And, at the same time, in our collective imaginary, she forged the image of the iconic figure of the fadista with her priest-like pose and her famous long black dresses. Amália used to say that she liked to sing everything that tasted like fado but, in the words of musicologist and the singer’s close friend Rui Vieira Nery, “she liked to sing everything that tasted like Amália”, whether flamenco, tango, samba, rancheras or the chanson française. The universality the “impossible black rose” infused into her exclusive sound heritage and her ability to combine the popular and the erudite, the traditional and the new, the lyrical and the tragic, gave fado a global dimension as she sang Portuguese nostalgia in more than 60 countries.


“I know that my story will be the one you choose, the one that is the most interesting, the one that is not mine.” It is hard, if not impossible, to tell the story of “the soul of Portugal”, not only because her legacy is inexhaustible (and still only incompletely catalogued) but also because, like the song, the fadista’s “independent heart” and passionate life belong to everyone and to no one. The closest attempt to portray her is “Amália – A Biography” (1986) by Vítor Pavão dos Santos.

The book took shape from a series of conversations that the author had with the singer and reveals the artist’s entire trajectory, from her first performances in 1939 in Retiro da Severa (an old restaurant where fado was sung and which no longer exists) to her first album, recorded in Brazil, and to her heyday during the 1960s.

There are even doubts as to the date on her birth certificate (23 July 1920) and she herself adopted 1 July as her birthday. Born in 1920 in the Alfama area in Lisbon, the cradle of fado, she was one of 10 children in a working-class family and was brought up by her grandmother. Her love of singing was clear at a very early age, but times being what they were, she had to find work, first as an apprentice seamstress and embroiderer and then at a sweets and chocolate factory.
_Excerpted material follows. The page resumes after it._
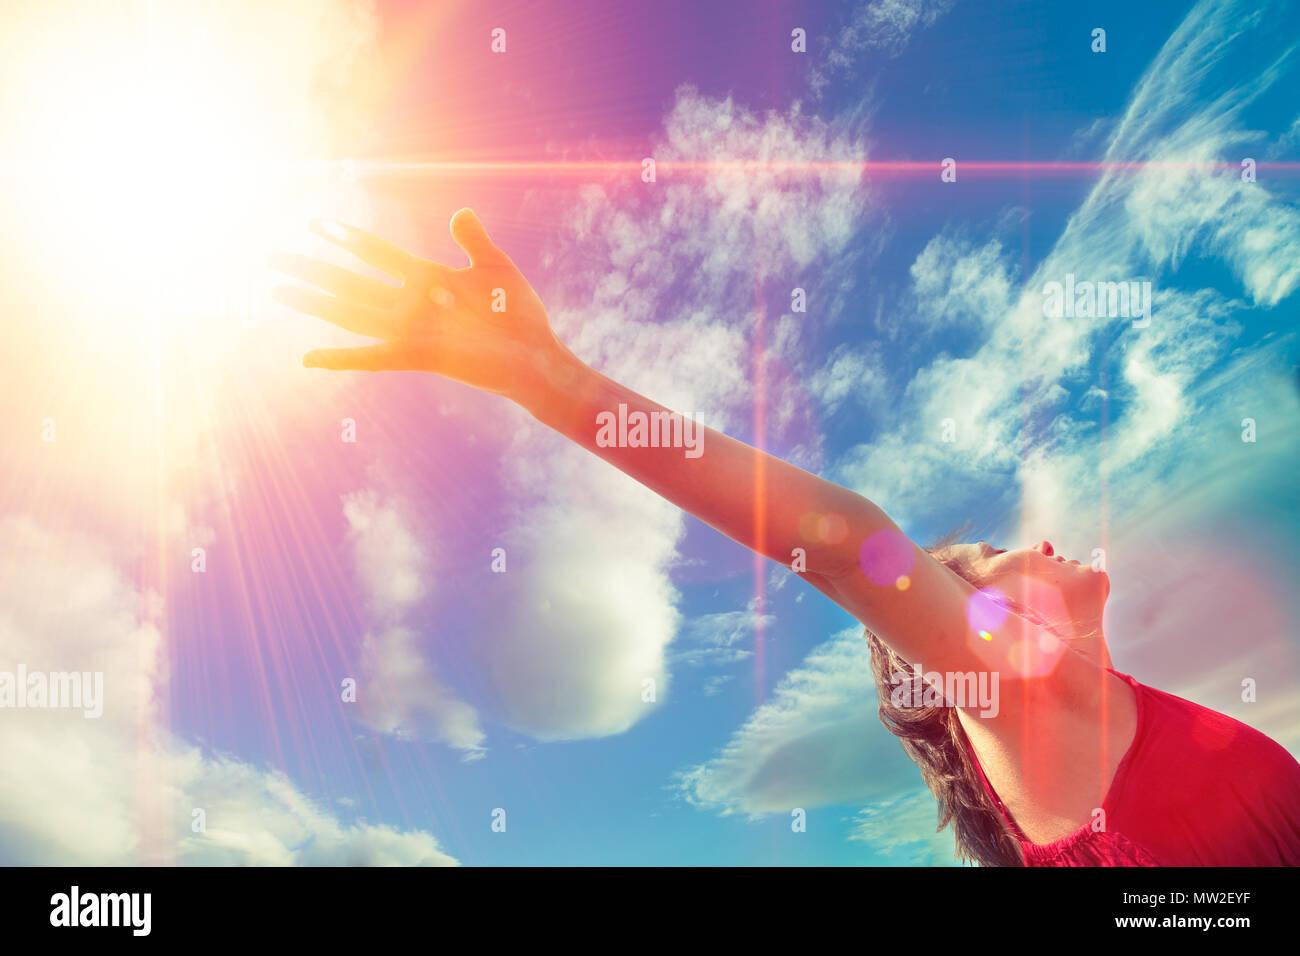 Frische Luft Hintergrund. Frau Lifestyle im Sonnenaufgang Landschaft. Wellness und glücklich Konzept, Mädchen und offenen Armen zu den Sonnenuntergang Himmel Stockbild
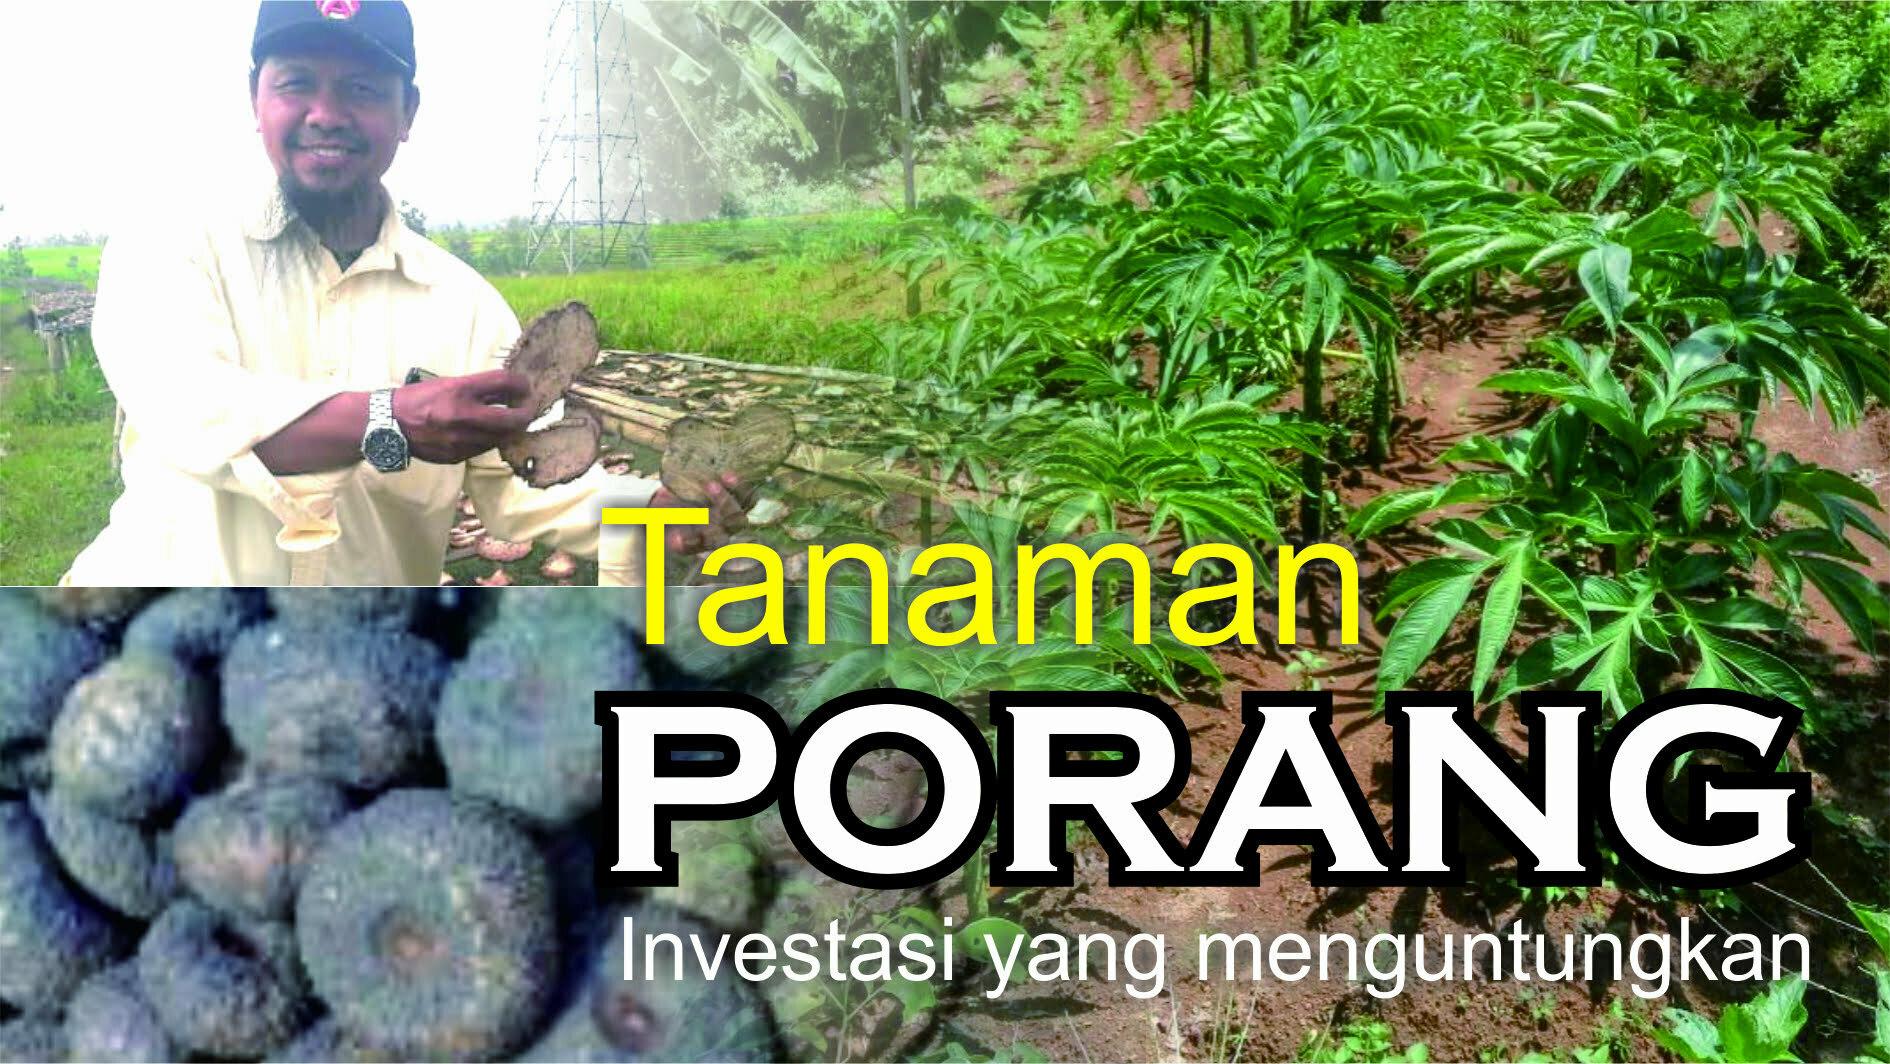 Kembangkan Komoditas, Kaltim Mulai Ekspor Porang | Kalimantan Bisnis.com

Later on, she sold fruit on the streets.

May 1956, at a club, a group of Spanish singers and singers, seated in a circle, sing a flamenco air, Among them, the singer Amalia Rodrigues (center). (Photo by Manuel Litran/Paris Match via Getty Images)
Amália Rodrigues (centre) at a club with a group of Spanish singers and dancers, in May 1956. Two years before, she had recorded an album with flamenco songs.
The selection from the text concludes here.